Yeah, I guess so. There used to be a lot of differences between production Autopilot and the Full Self-Driving Beta, but those differences have been getting smaller and smaller over time. I think just a few months ago, we now use the same vision-only object detection stack in both FSD and in the production Autopilot on all vehicles. There's still a few differences, the primary one being the way that we predict lanes right now. We upgraded the modeling of lanes so that it could handle these more complex geometries like I mentioned in the talk. In production Autopilot, we still use a simpler lane model, but we're extending our current FSD Beta models to work in all sort of highway scenarios as well.

Elon Musk
CEO, Tesla

Yeah, the version of FSD Beta that I drive actually does have the integrated stack. It just uses the FSD stack both in city streets and highway, and it works quite well for me. We need to validate it in all kinds of weather, like heavy rain, snow, dust, and just make sure it's working better than the production stack across a wide range of environments. We're pretty close to that. I mean, I think it's, I don't know, maybe it'll definitely be before the end of the year and maybe November.

Tim Zaman
Head of AI Infrastructure and Platform, Tesla

Yeah, in our personal drives, the FSD stack on highway drives already way better than the production stack we have. We do expect to also include the parking lot stack as a part of the FSD stack before the end of this year. That will basically bring us to you sit in the car in the parking lot and drive till the end of the parking lot at a parking spot before the end of this year.

Elon Musk
CEO, Tesla

Yeah, in terms of the fundamental metric to optimize against is how many miles between necessary interventions. Just massively improving how many miles the car can drive in full autonomy before an intervention is required that is safety critical. Yeah, that's the fundamental metric that we're measuring every week, and we're making radical improvements on that.

Speaker 29

Oh, hi. Thank you. Hi. Thank you so much for the presentation. Very inspiring. My name is Daisy. I actually have a non-technical question for you. I'm curious, if you were back to your twenties, what are some of the things you wish you knew back then? What are some advice you would give to your younger self?

Elon Musk
CEO, Tesla

Well, I'm trying to figure out something useful to say.

John Emmons
Lead of Autopilot Vision Team, Tesla

Join Tesla.

Elon Musk
CEO, Tesla

Yeah. Join Tesla would be one thing. Yeah, I think just trying to expose yourself to as many smart people as possible. I don't know, read a lot of books. You know, I did do that though. I think there's some merit to just also like not being like necessarily too intense and like enjoying the moment a bit more, I would say to 20 or 20-something me. Just, you know, stop and smell the roses occasionally would probably be a good idea.

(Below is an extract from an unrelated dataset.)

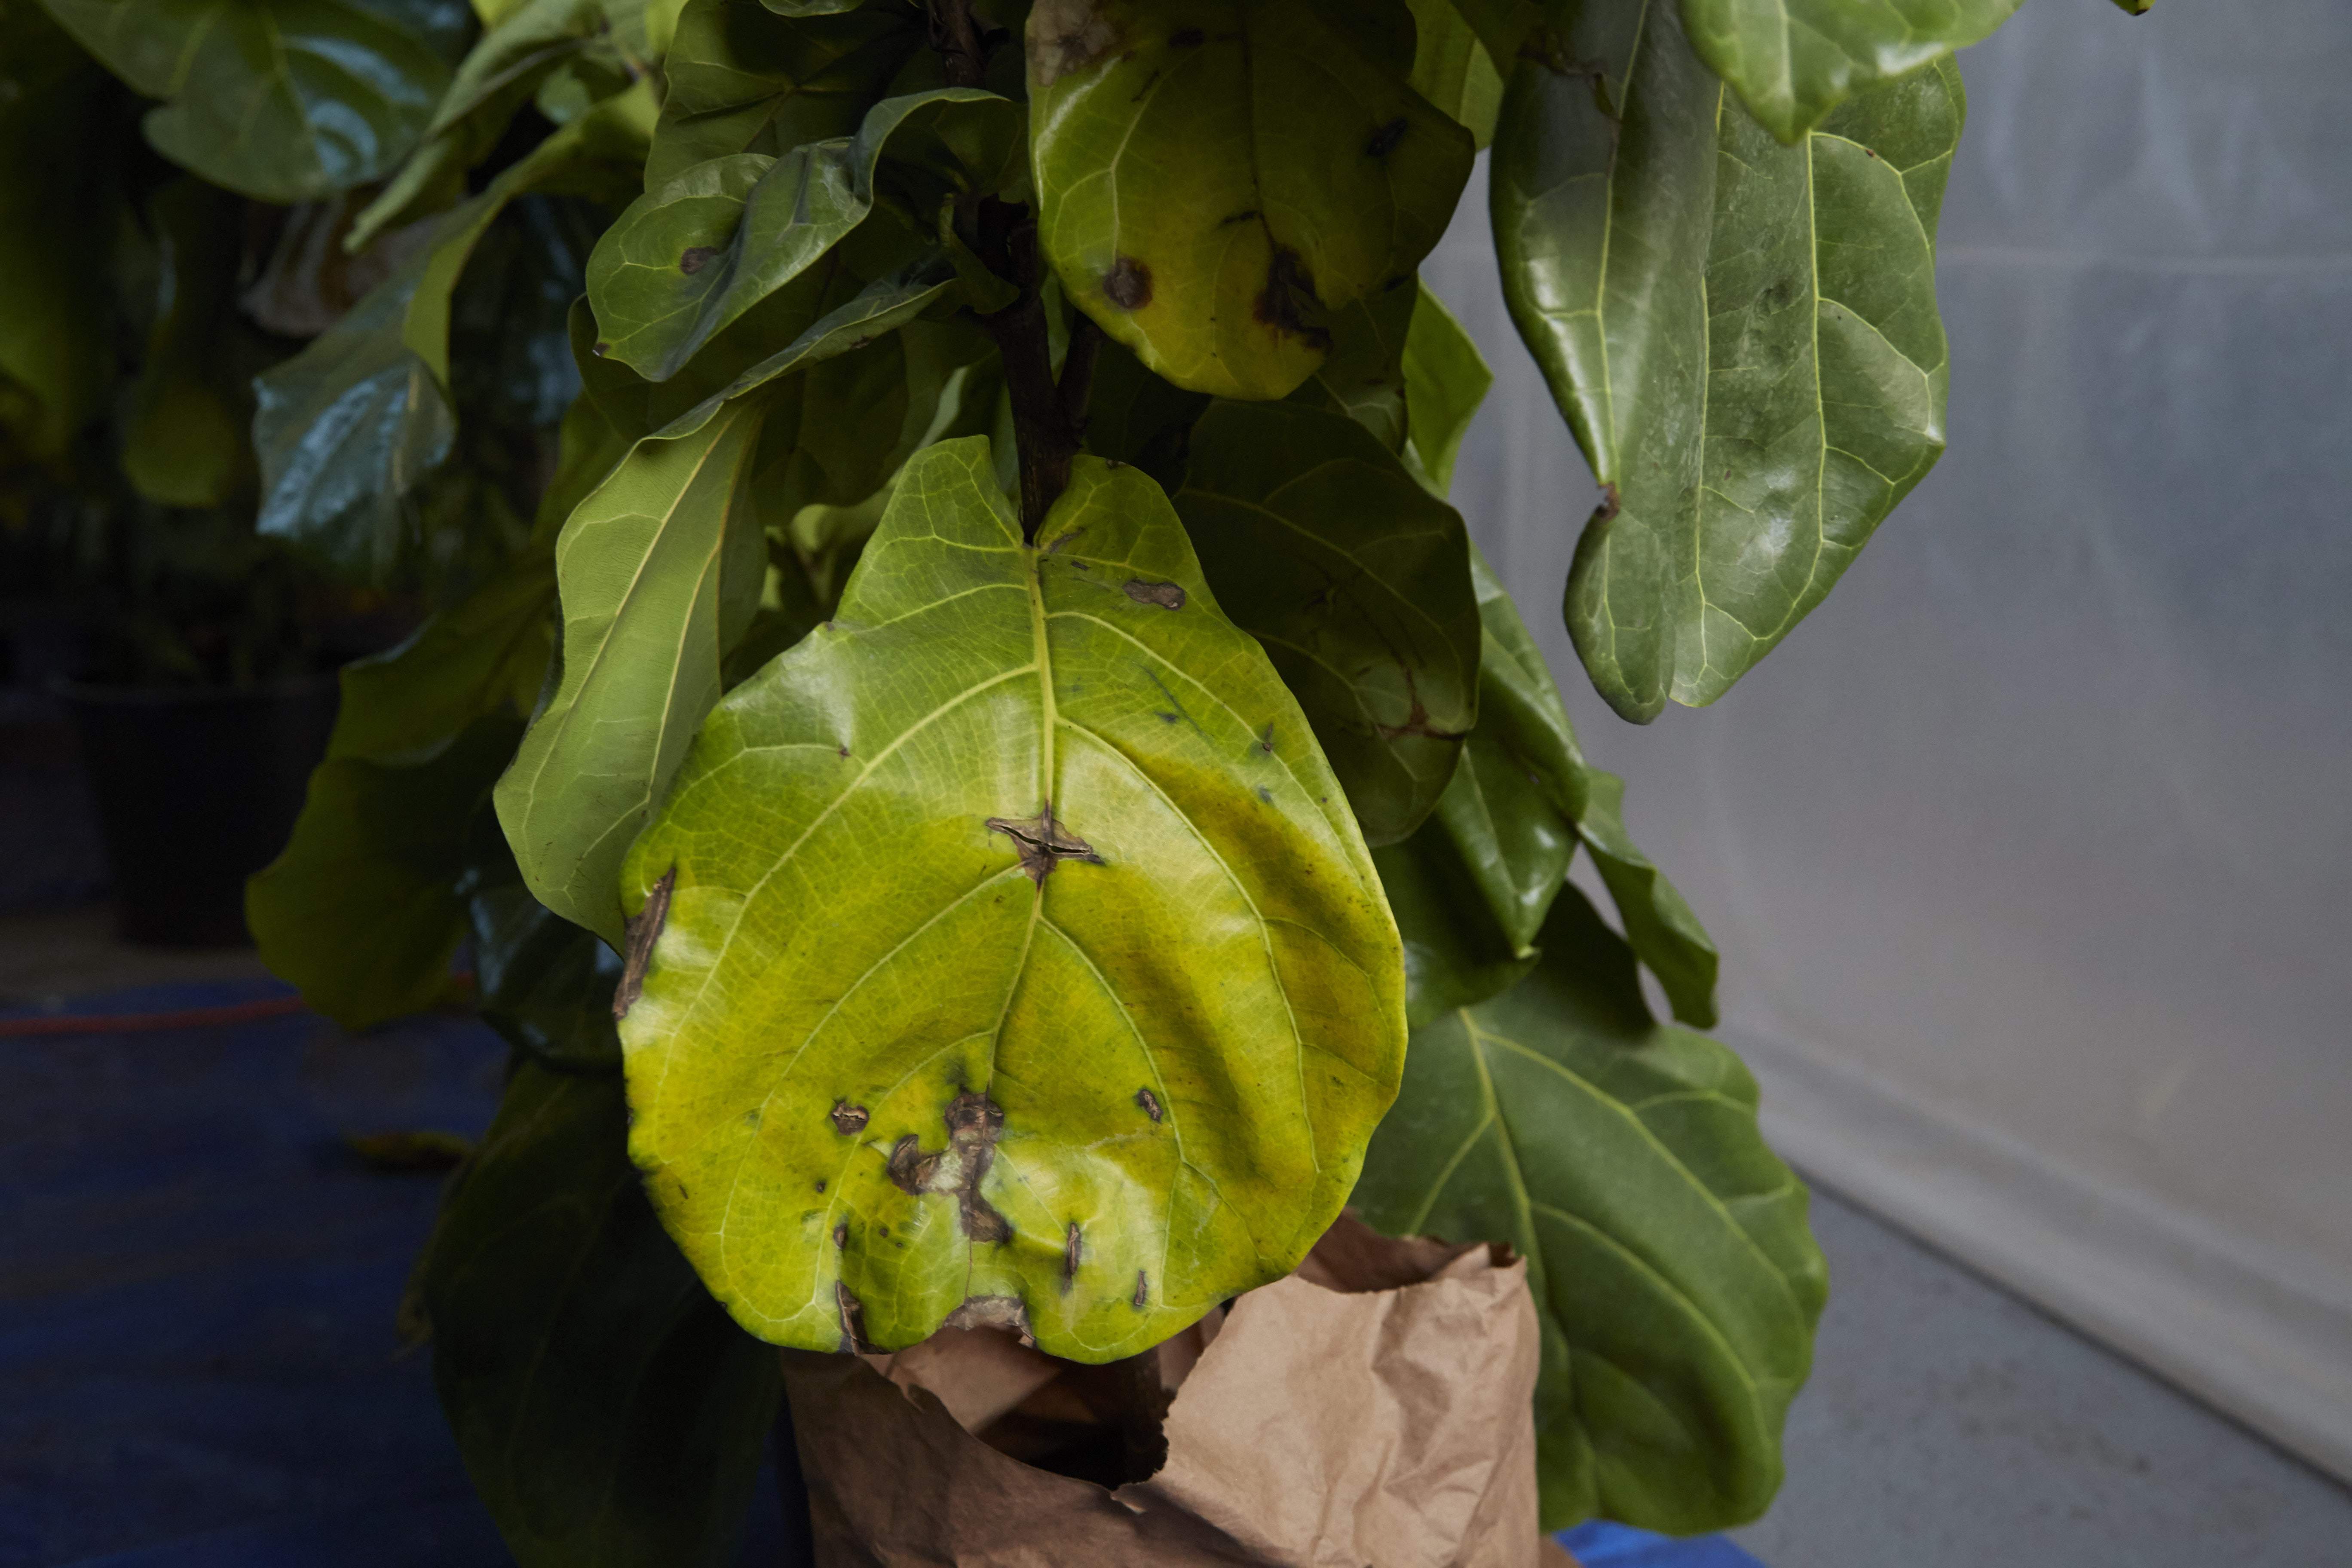 Почему у комнатных растений желтеют листья — причины и лечение

You know, it's like when we were developing the Falcon 1 rocket and on the Kwajalein Atoll, and we had this beautiful little island that we were developing the rocket on, and not once during that entire time did I even have a drink on the beach. I'm like, "Well, I should have had a drink on the beach. That would've been fine.

Speaker 30

Thank you very much. I think you have excited all of the robotics people with Optimus. This feels very much like ten years ago in driving, but driving has proved to be harder than it actually looked ten years ago. What do we know now that we didn't ten years ago that would make, for example, AGI on a humanoid come faster?

Elon Musk
CEO, Tesla

Well, I mean, it seems to me that AGI is advancing very quickly. Hardly a week goes by without some significant announcement and, yeah, I mean, at this point, like AI seems to be able to win at almost any rule-based game. It's able to create extremely impressive art, engage in conversations that are very sophisticated, you know, write essays, and these just keep improving. And there's so much more, so many more talented people working on AI, and the hardware is getting better. I think it's just AI is on a super, like a strong exponential curve of improvement independent of what we do at Tesla. And obviously we'll benefit somewhat from that exponential curve of improvement with AI.

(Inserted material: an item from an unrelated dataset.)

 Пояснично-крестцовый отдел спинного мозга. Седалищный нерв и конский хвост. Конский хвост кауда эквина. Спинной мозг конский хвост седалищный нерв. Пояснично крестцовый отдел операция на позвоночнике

Like Tesla just also happens to be very good at actuators, at motors, you know, motors, gearboxes, controllers, power electronics, batteries, sensors, and you know really like I'd say that you know the biggest difference between the robot on four wheels and the robot with arms and legs is getting the actuators right. It's an actuators and sensors problem. Obviously the you know how you control those actuators and sensors, but it's yeah actuators and sensors and how you control the actuators. It's I don't know we have to have like the ingredients necessary to create a compelling robot, and we're doing it so.

Speaker 31

Hi, Elon. You are actually bringing the humanity to the next level. Literally, Tesla and you are bringing the humanity to the next level. You said Optimus Prime, Optimus will be used in next Tesla factory. My question is, will a new Tesla factory will be fully run by Optimus program, and when can general public order a humanoid?

Elon Musk
CEO, Tesla

Yeah. I think it'll, you know, we're gonna start Optimus with very simple tasks in the factory. You know, like, maybe just, like, loading a part, like you saw in the video, loading a part, for, you know, carrying a part from one place to another or loading a part into a one of our more conventional robot cells, to, you know, that welds a body together. We'll start, you know, just trying to how do we make it useful at all, and then gradually expand the number of situations where it's useful. I think that the number of situations where Optimus is useful will grow exponentially, like, really, really fast. In terms of when people can order one, I don't know.

I think it's not that far away. Well, I think you meant when can people receive one? I don't know. I'm like, I'd say probably within three years and not more than five years. Within three to five years, you could probably receive an Optimus.

Speaker 31

I feel the best way to make the progress for AGI is to involve as many smart people across the world as possible. Given the size and resource of Tesla compared to robot companies, and given the state of humanoid research at the moment, would it make sense for the kind of Tesla to sort of open source some of the simulation hardware parts? I think Tesla can still be the dominant platformer, where it can be something like Android OS or like a iOS stuff for the entire humanoid research. Would that be something that rather than keeping the Optimus to just Tesla researchers or the factory itself, can you open it and let the whole world explore humanoid research?

Elon Musk
CEO, Tesla

I think we have to be careful about Optimus being potentially used in ways that are bad, 'cause that is one of the possible things to do. I think we'd, you know, provide Optimus where you can provide instructions to Optimus, but where those instructions are, you know, governed by some laws of robotics, that you cannot overcome. You know, not doing harm to others and we'd have, I think, probably quite a few safety related things with Optimus. Yeah. All right, we'll just take maybe a few more questions and then thank you all for coming.

Speaker 32

Questions, one deep and one broad. On the deep, for Optimus, what's the current and what's the ideal controller bandwidth? In the broader question, there's this big advertisement for the depth and breadth of the company. What is it uniquely about Tesla that enables that?

Elon Musk
CEO, Tesla

Anyone wanna tackle the bandwidth question?

Speaker 45

The technical bandwidth

Elon Musk
CEO, Tesla

Yep

Speaker 58

... of the-

Elon Musk
CEO, Tesla

Close to your mouth and loud.

Speaker 45

Okay. For the bandwidth question, you have to understand or figure out what is the task that you want it to do, and if you took a frequency transform of that task, what is it that you want your limbs to do? That's where you get your bandwidth from. It's not a number that you can specifically just say. You need to understand your use case, and that's where the bandwidth comes from.

Elon Musk
CEO, Tesla

What is the broad question? I don't quite remember. The breadth and depth thing. I can answer the breadth and depth one. Yeah.

Speaker 45

We can switch.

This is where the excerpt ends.